Consider the following code example (python 2.7):

class Parent:
    def __init__(self, child):
        self.child = child

    def __getattr__(self, attr):
        print("Calling __getattr__: "+attr)
        if hasattr(self.child, attr):
            return getattr(self.child, attr)
        else:
            raise AttributeError(attr)

class Child:
    def make_statement(self, age=10):
        print("I am an instance of Child with age "+str(age))

kid = Child()
person = Parent(kid)

kid.make_statement(5)
person.make_statement(20)

it can be shown, that the function call person.make_statement(20) calls the Child.make_statement function through the Parent's __getattr__ function. In the __getattr__ function I can print out the attribute, before the corresponding function in the child instance is called. So far so clear.

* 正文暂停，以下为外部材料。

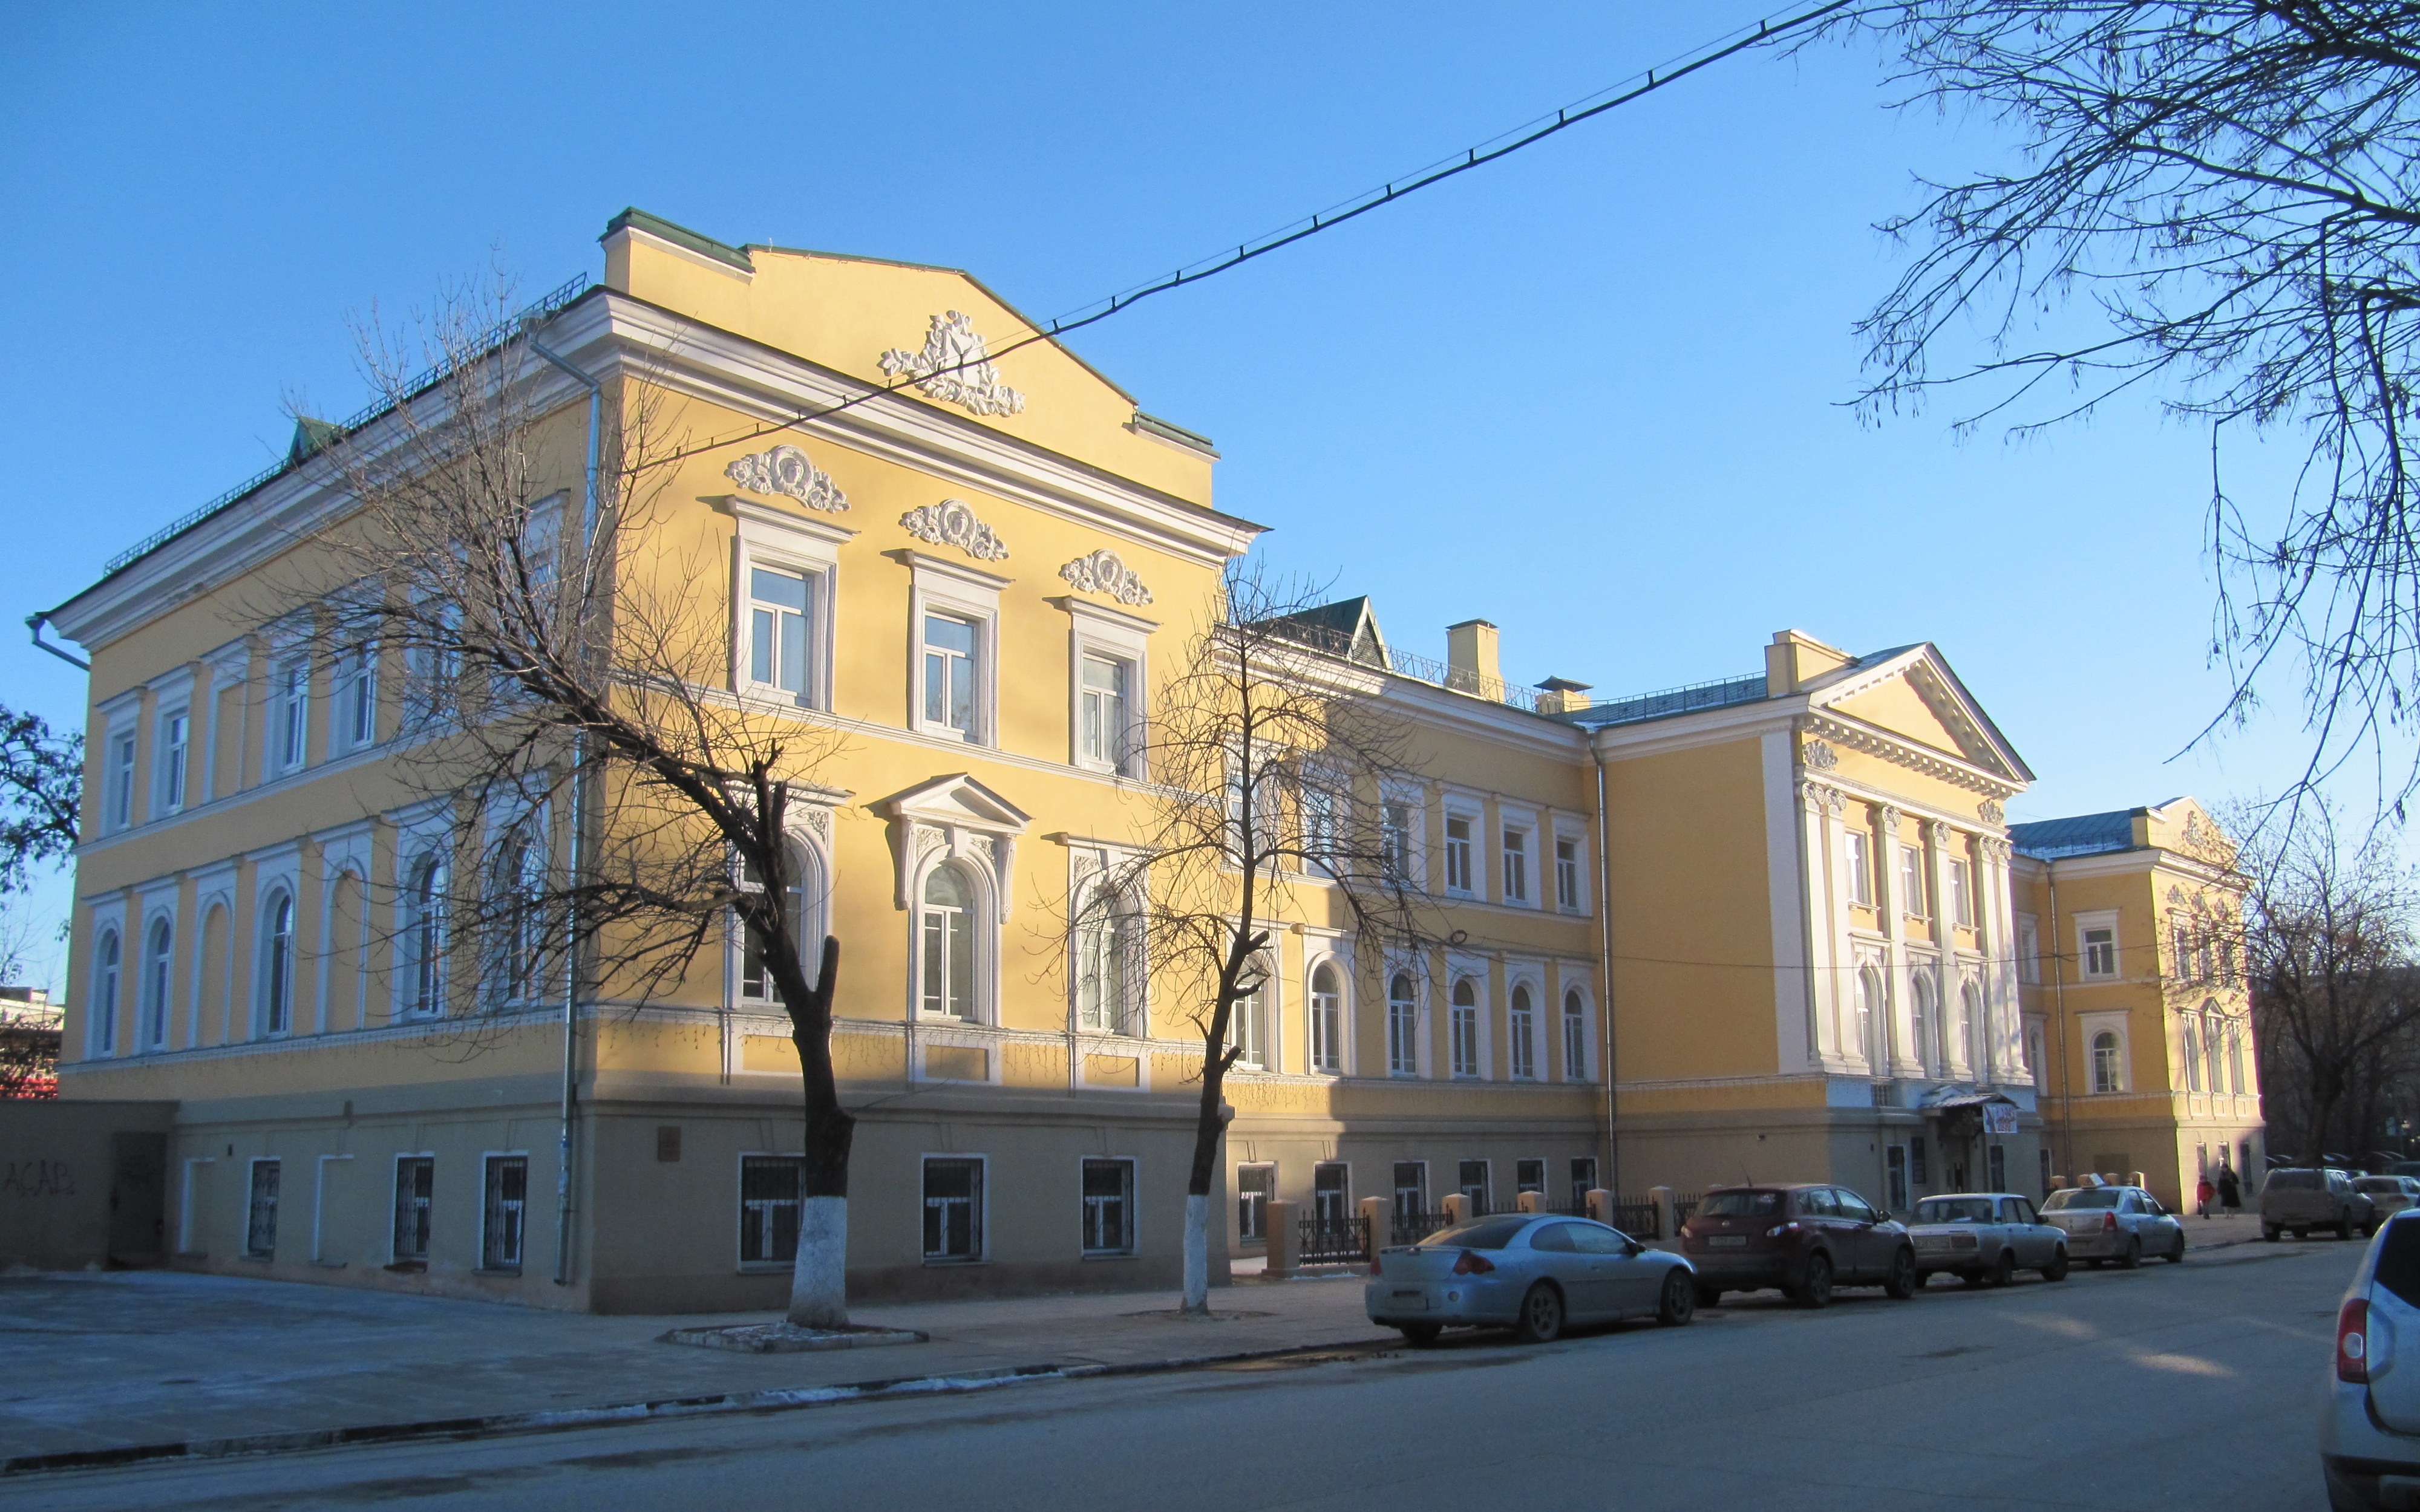 Сайт саратовского областного колледжа

But how is the argument of the call person.make_statement(20) passed through __getattr__? How am I able to print out the number '20' in my __getattr__ function?

解决方案

You are not printing 20 in your __getattr__ function. The function finds the make_statement attribute on the Child instance and returns that. As it happens, that attribute is a method, so it is callable. Python thus calls the returned method, and that method then prints 20.

If you were to remove the () call, it would still work; we can store the method and call it separately to get 20 printed:

>>> person.make_statement
Calling __getattr__: make_statement
<bound method Child.make_statement of <__main__.Child instance at 0x10db5ed88>>
>>> ms = person.make_statement
Calling __getattr__: make_statement
>>> ms()
I am an instance of Child with age 10

If you have to see the arguments, you'd have to return a wrapper function instead:

def __getattr__(self, attr):
    print("Calling __getattr__: "+attr)
    if hasattr(self.child, attr):
        def wrapper(*args, **kw):
            print('called with %r and %r' % (args, kw))
            return getattr(self.child, attr)(*args, **kw)
        return wrapper
    raise AttributeError(attr)

This now results in:

>>> person.make_statement(20)
Calling __getattr__: make_statement
called with (20,) and {}
I am an instance of Child with age 20

这篇关于参数如何通过 __getattr__ 传递给函数的文章就介绍到这了，希望我们推荐的答案对大家有所帮助，也希望大家多多支持IT屋！